VACUUM ANALYZE orders;

This reclaims space from dead tuples and updates the planner statistics. After running it, the planner's row estimates got more accurate and the query dropped another 8ms.

Final state

Before: 14.2 seconds
After index on orders: 412ms
After index on customers: 38ms
After VACUUM: 30ms

Total debugging time: about 35 minutes. The fix itself took 8 minutes to run on production with no downtime.

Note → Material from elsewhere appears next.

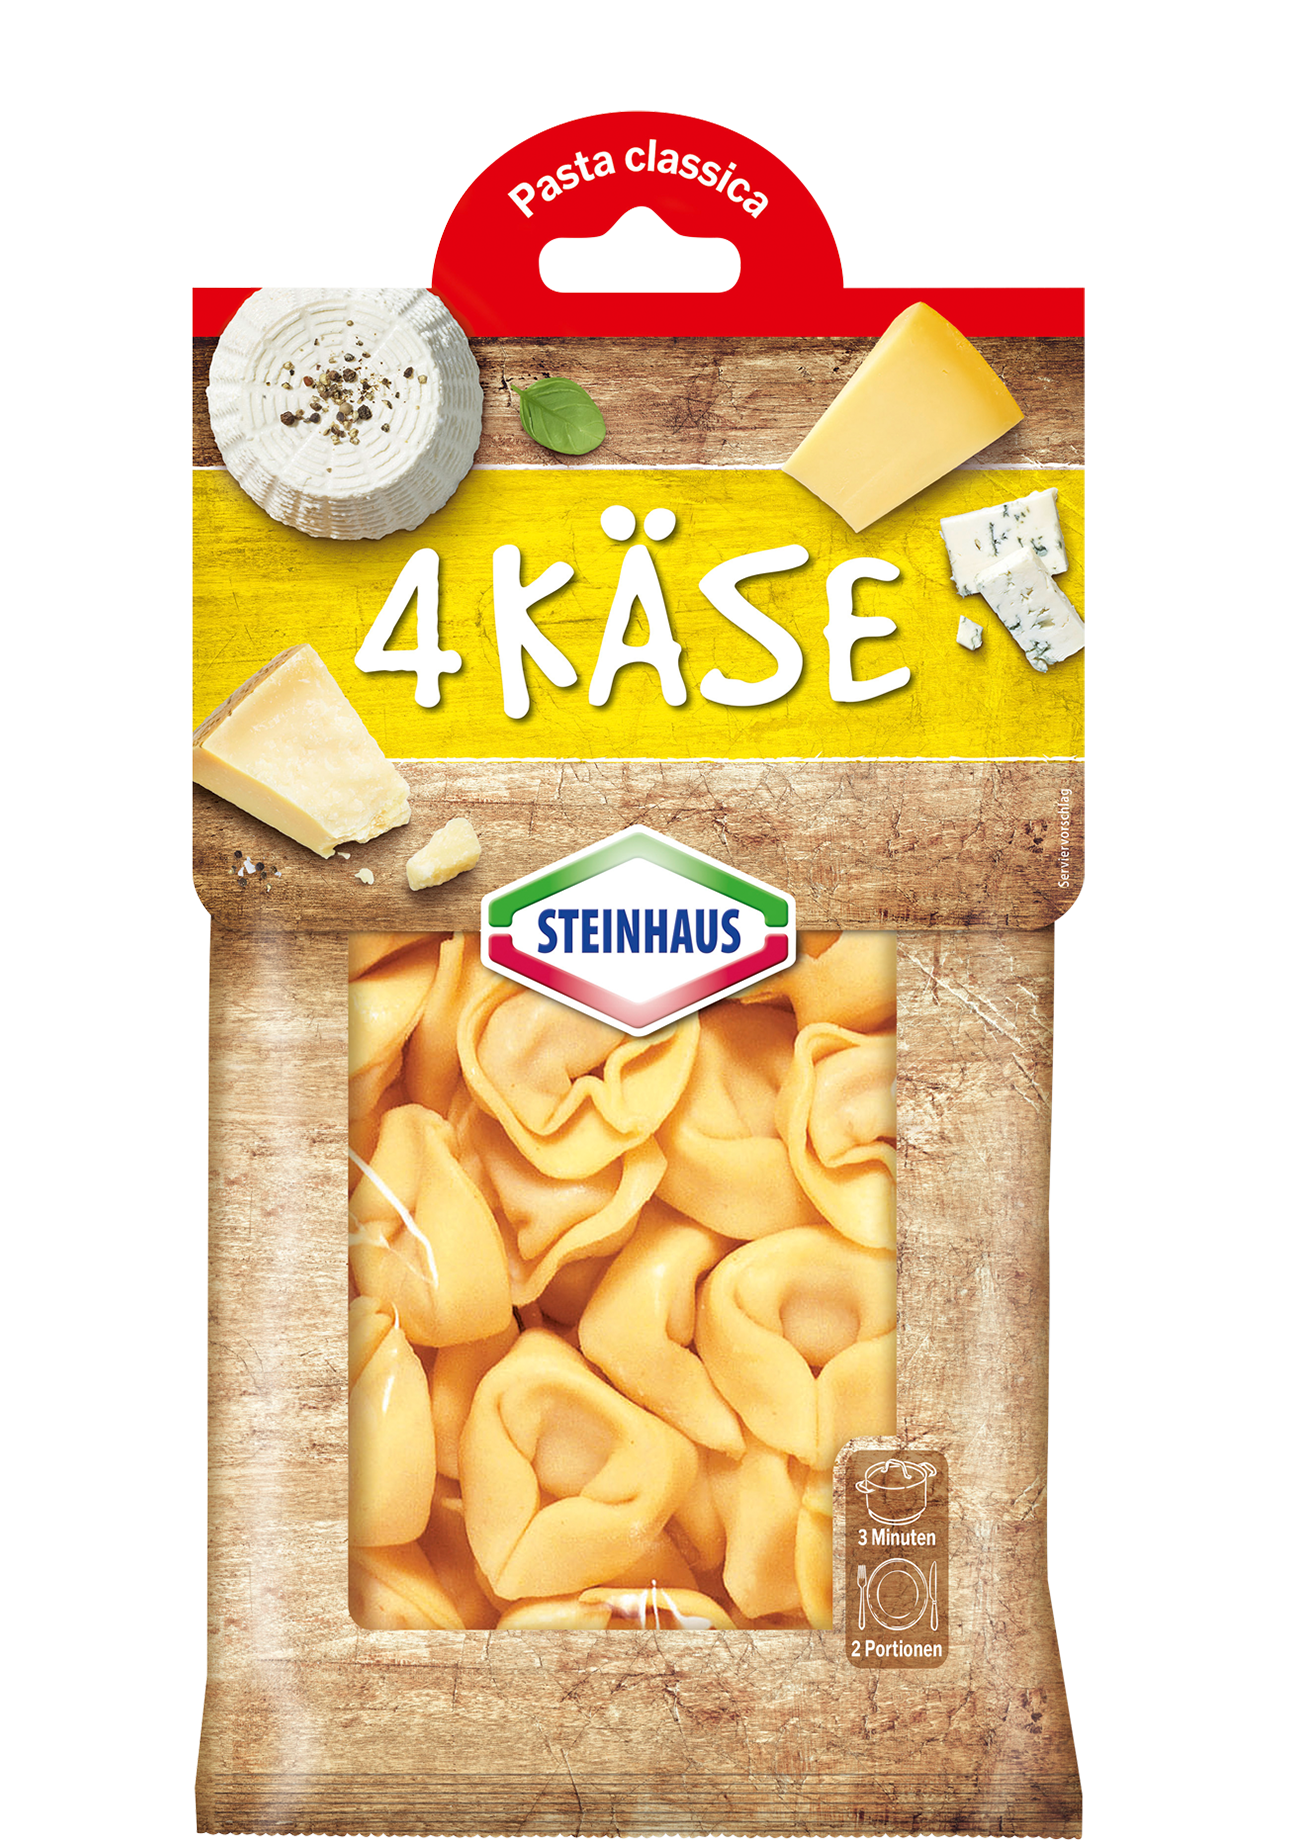 Cheese tortelloni – Cremig gefüllte frische Tortelloni mit Gouda, Ricotta, Gorgonzola und pikantem Grana Padano – das ist Pastagenuss für jeden Tag.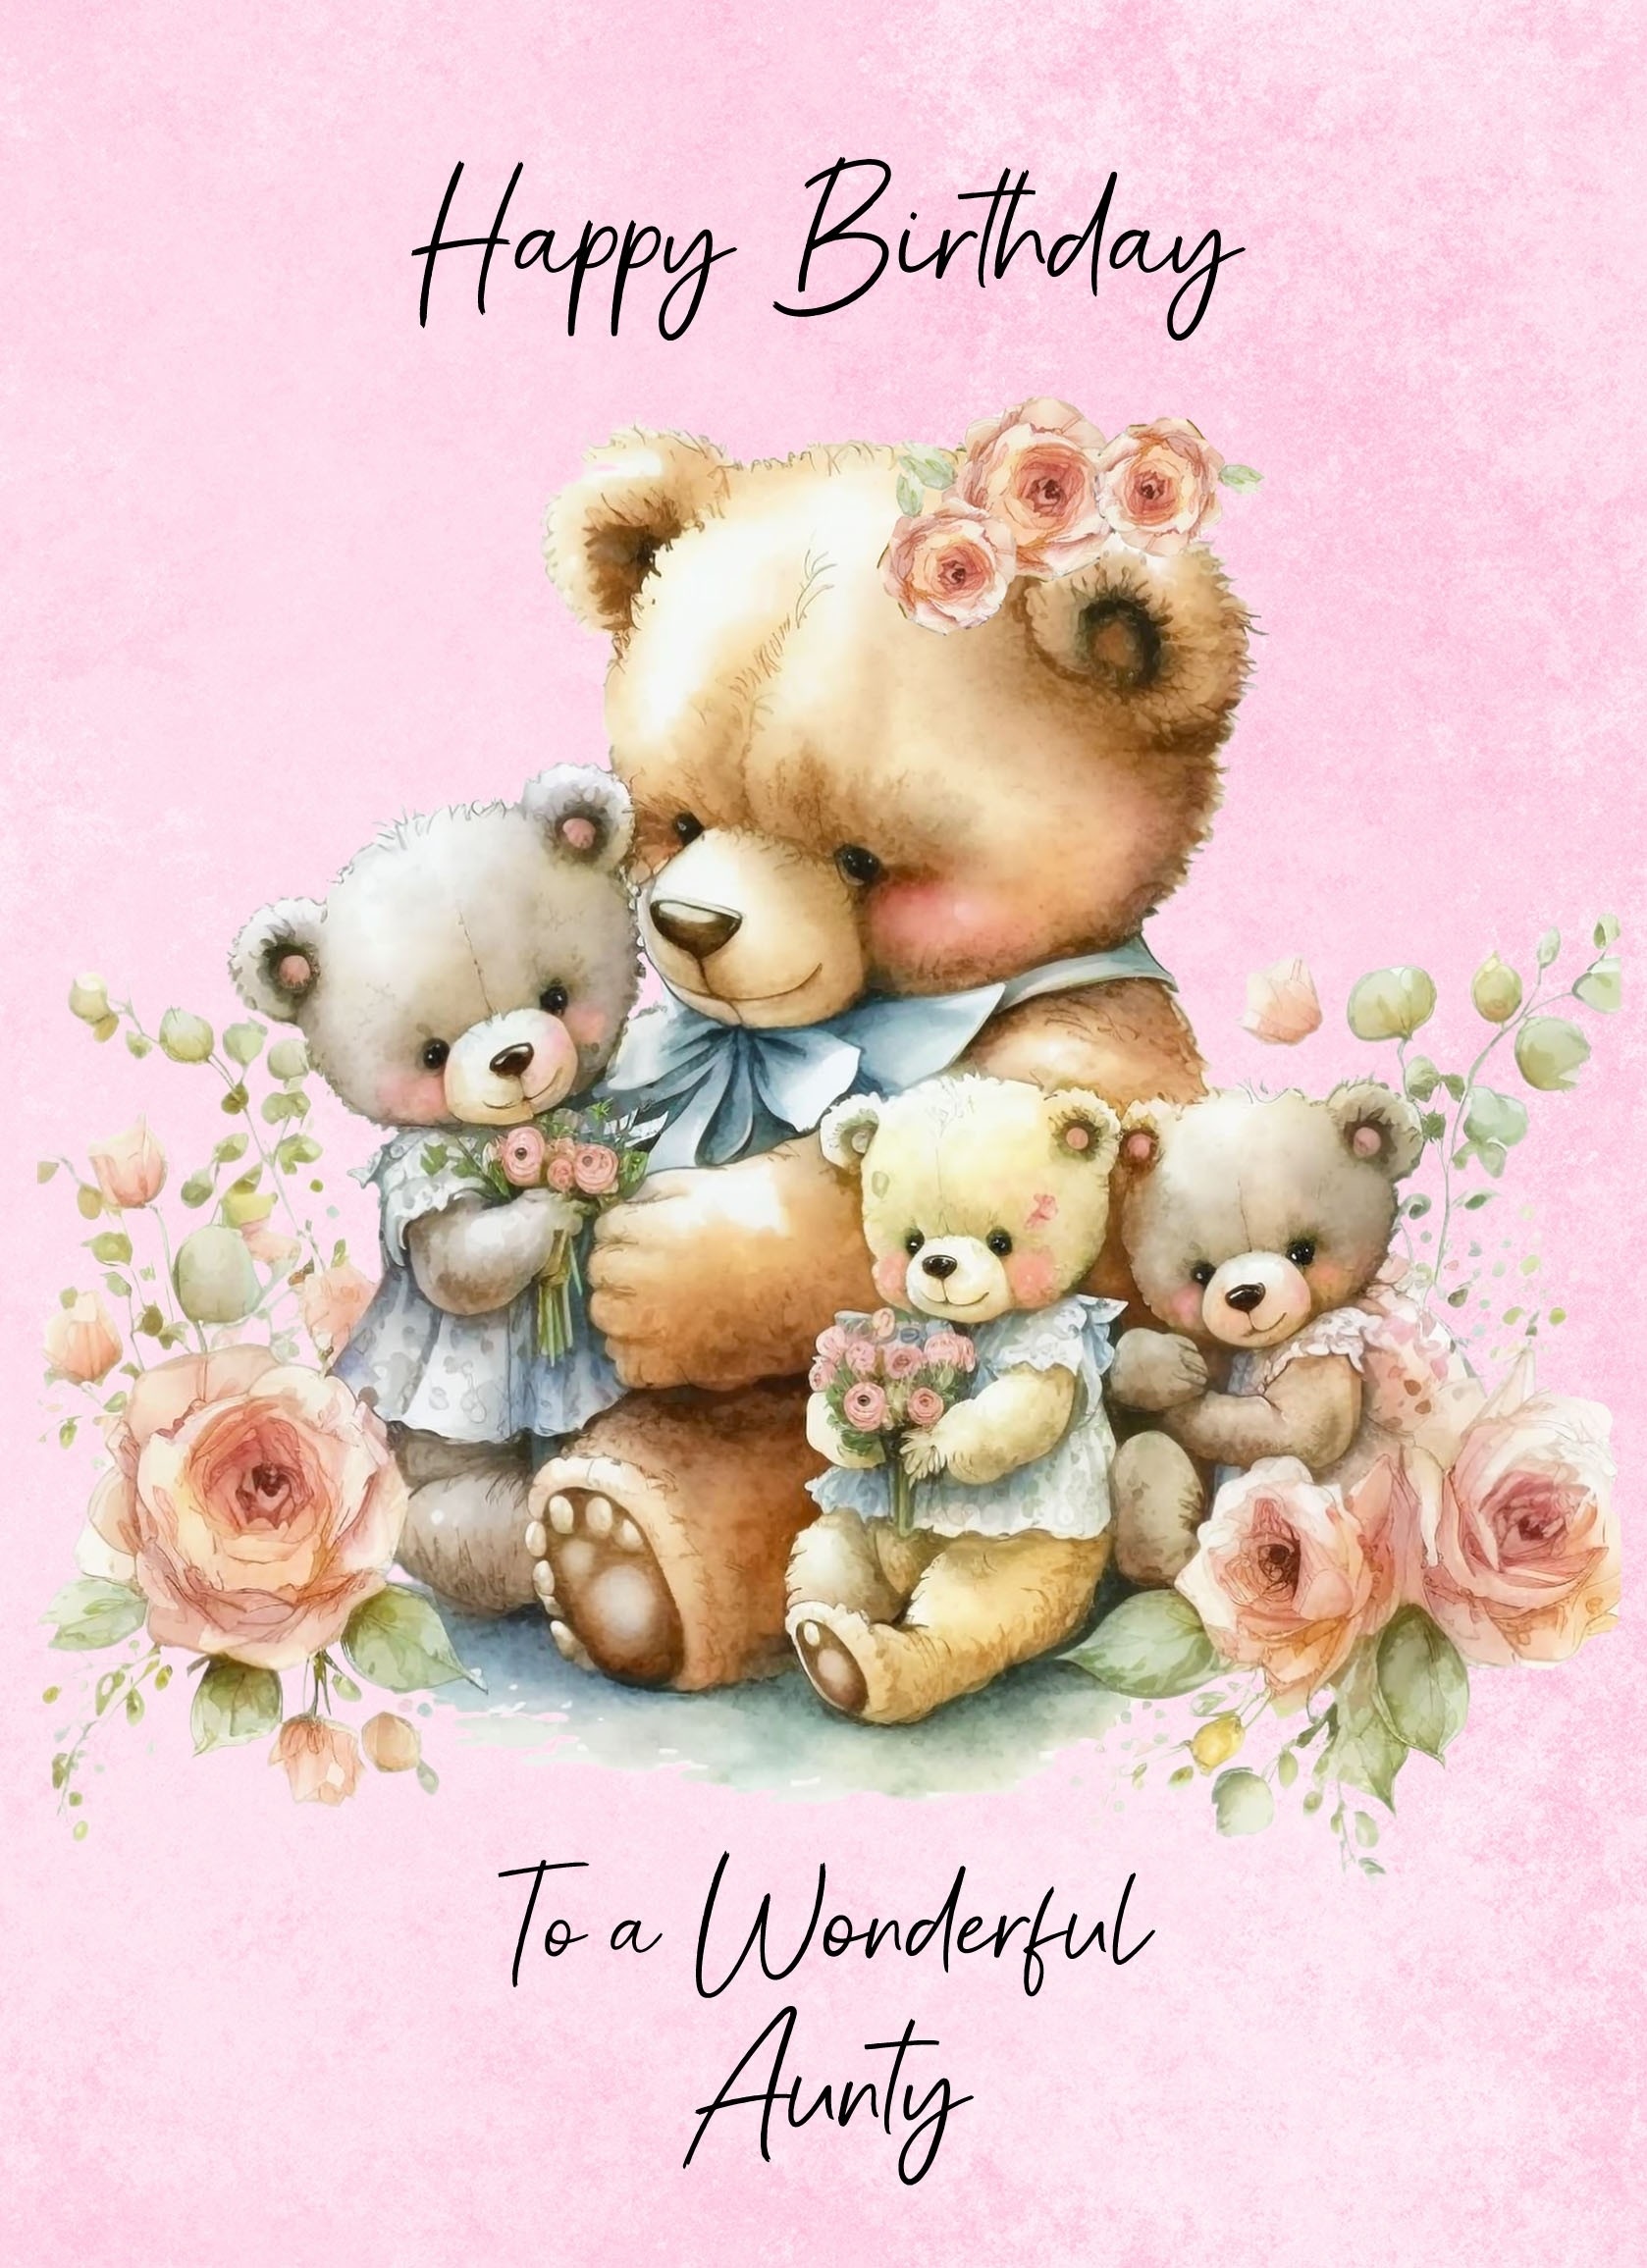 Cuddly Bear Art Birthday Card For Aunty (Design 1)

The lesson isn't "always index everything." It's: read the EXPLAIN output, look at actual vs estimated rows, check buffer hits vs reads, and look at pg_stat_user_tables before assuming you need to rewrite the query. Usually the query is fine — the data access path isn't.

The pg_stat functions on pgref.dev are worth knowing. pg_stat_user_tables, pg_stat_statements, and pg_indexes are the three I open first on any performance problem.